▸ **Problem to work on**
The answer is all of the data, repeated exactly.

▸ **Source information**
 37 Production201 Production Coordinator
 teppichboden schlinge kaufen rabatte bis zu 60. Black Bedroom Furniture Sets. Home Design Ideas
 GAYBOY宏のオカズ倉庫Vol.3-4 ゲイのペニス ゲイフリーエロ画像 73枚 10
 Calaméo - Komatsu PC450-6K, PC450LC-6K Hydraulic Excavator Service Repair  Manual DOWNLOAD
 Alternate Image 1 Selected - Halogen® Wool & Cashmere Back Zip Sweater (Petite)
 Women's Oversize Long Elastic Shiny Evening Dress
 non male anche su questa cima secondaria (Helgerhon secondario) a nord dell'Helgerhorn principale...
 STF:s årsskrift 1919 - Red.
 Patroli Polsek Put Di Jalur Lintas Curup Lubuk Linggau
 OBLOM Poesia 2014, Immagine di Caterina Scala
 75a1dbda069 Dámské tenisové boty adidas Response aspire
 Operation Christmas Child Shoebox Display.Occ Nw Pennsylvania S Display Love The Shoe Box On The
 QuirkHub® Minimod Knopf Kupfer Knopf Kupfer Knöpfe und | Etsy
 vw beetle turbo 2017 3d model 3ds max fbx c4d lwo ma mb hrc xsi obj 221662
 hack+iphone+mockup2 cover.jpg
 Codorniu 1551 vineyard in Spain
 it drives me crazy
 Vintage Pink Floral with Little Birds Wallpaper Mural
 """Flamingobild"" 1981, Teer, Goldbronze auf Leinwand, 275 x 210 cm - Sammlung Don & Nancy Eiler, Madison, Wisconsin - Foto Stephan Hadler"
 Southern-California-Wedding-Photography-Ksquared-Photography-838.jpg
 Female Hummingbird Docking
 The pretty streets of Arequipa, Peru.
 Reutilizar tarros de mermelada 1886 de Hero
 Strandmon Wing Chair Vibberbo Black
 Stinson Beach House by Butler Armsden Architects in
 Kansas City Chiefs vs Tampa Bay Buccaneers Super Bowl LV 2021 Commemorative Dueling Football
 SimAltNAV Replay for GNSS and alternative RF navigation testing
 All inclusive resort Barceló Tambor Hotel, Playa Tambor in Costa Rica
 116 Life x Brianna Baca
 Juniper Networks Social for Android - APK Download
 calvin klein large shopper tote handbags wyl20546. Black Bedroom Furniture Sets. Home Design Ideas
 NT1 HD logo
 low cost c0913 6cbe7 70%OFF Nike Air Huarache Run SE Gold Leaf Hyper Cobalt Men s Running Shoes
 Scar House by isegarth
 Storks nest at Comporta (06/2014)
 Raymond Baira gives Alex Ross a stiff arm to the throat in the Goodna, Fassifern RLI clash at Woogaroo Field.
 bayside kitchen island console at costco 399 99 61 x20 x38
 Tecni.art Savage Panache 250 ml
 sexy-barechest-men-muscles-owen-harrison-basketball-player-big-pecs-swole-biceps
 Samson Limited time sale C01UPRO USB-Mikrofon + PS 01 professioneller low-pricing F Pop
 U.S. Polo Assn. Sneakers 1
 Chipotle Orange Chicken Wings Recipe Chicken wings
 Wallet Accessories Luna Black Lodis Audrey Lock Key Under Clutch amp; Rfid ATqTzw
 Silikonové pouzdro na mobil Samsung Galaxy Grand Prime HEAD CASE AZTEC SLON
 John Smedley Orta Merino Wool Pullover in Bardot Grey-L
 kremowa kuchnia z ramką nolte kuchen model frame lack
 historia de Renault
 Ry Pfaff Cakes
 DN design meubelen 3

▸ **Solution to this task**
 37 Production201 Production Coordinator
 teppichboden schlinge kaufen rabatte bis zu 60. Black Bedroom Furniture Sets. Home Design Ideas
 GAYBOY宏のオカズ倉庫Vol.3-4 ゲイのペニス ゲイフリーエロ画像 73枚 10
 Calaméo - Komatsu PC450-6K, PC450LC-6K Hydraulic Excavator Service Repair  Manual DOWNLOAD
 Alternate Image 1 Selected - Halogen® Wool & Cashmere Back Zip Sweater (Petite)
 Women's Oversize Long Elastic Shiny Evening Dress
 non male anche su questa cima secondaria (Helgerhon secondario) a nord dell'Helgerhorn principale...
 STF:s årsskrift 1919 - Red.
 Patroli Polsek Put Di Jalur Lintas Curup Lubuk Linggau
 OBLOM Poesia 2014, Immagine di Caterina Scala
 75a1dbda069 Dámské tenisové boty adidas Response aspire
 Operation Christmas Child Shoebox Display.Occ Nw Pennsylvania S Display Love The Shoe Box On The
 QuirkHub® Minimod Knopf Kupfer Knopf Kupfer Knöpfe und | Etsy
 vw beetle turbo 2017 3d model 3ds max fbx c4d lwo ma mb hrc xsi obj 221662
 hack+iphone+mockup2 cover.jpg
 Codorniu 1551 vineyard in Spain
 it drives me crazy
 Vintage Pink Floral with Little Birds Wallpaper Mural
 """Flamingobild"" 1981, Teer, Goldbronze auf Leinwand, 275 x 210 cm - Sammlung Don & Nancy Eiler, Madison, Wisconsin - Foto Stephan Hadler"
 Southern-California-Wedding-Photography-Ksquared-Photography-838.jpg
 Female Hummingbird Docking
 The pretty streets of Arequipa, Peru.
 Reutilizar tarros de mermelada 1886 de Hero
 Strandmon Wing Chair Vibberbo Black
 Stinson Beach House by Butler Armsden Architects in
 Kansas City Chiefs vs Tampa Bay Buccaneers Super Bowl LV 2021 Commemorative Dueling Football
 SimAltNAV Replay for GNSS and alternative RF navigation testing
 All inclusive resort Barceló Tambor Hotel, Playa Tambor in Costa Rica
 116 Life x Brianna Baca
 Juniper Networks Social for Android - APK Download
 calvin klein large shopper tote handbags wyl20546. Black Bedroom Furniture Sets. Home Design Ideas
 NT1 HD logo
 low cost c0913 6cbe7 70%OFF Nike Air Huarache Run SE Gold Leaf Hyper Cobalt Men s Running Shoes
 Scar House by isegarth
 Storks nest at Comporta (06/2014)
 Raymond Baira gives Alex Ross a stiff arm to the throat in the Goodna, Fassifern RLI clash at Woogaroo Field.
 bayside kitchen island console at costco 399 99 61 x20 x38
 Tecni.art Savage Panache 250 ml
 sexy-barechest-men-muscles-owen-harrison-basketball-player-big-pecs-swole-biceps
 Samson Limited time sale C01UPRO USB-Mikrofon + PS 01 professioneller low-pricing F Pop
 U.S. Polo Assn. Sneakers 1
 Chipotle Orange Chicken Wings Recipe Chicken wings
 Wallet Accessories Luna Black Lodis Audrey Lock Key Under Clutch amp; Rfid ATqTzw
 Silikonové pouzdro na mobil Samsung Galaxy Grand Prime HEAD CASE AZTEC SLON
 John Smedley Orta Merino Wool Pullover in Bardot Grey-L
 kremowa kuchnia z ramką nolte kuchen model frame lack
 historia de Renault
 Ry Pfaff Cakes
 DN design meubelen 3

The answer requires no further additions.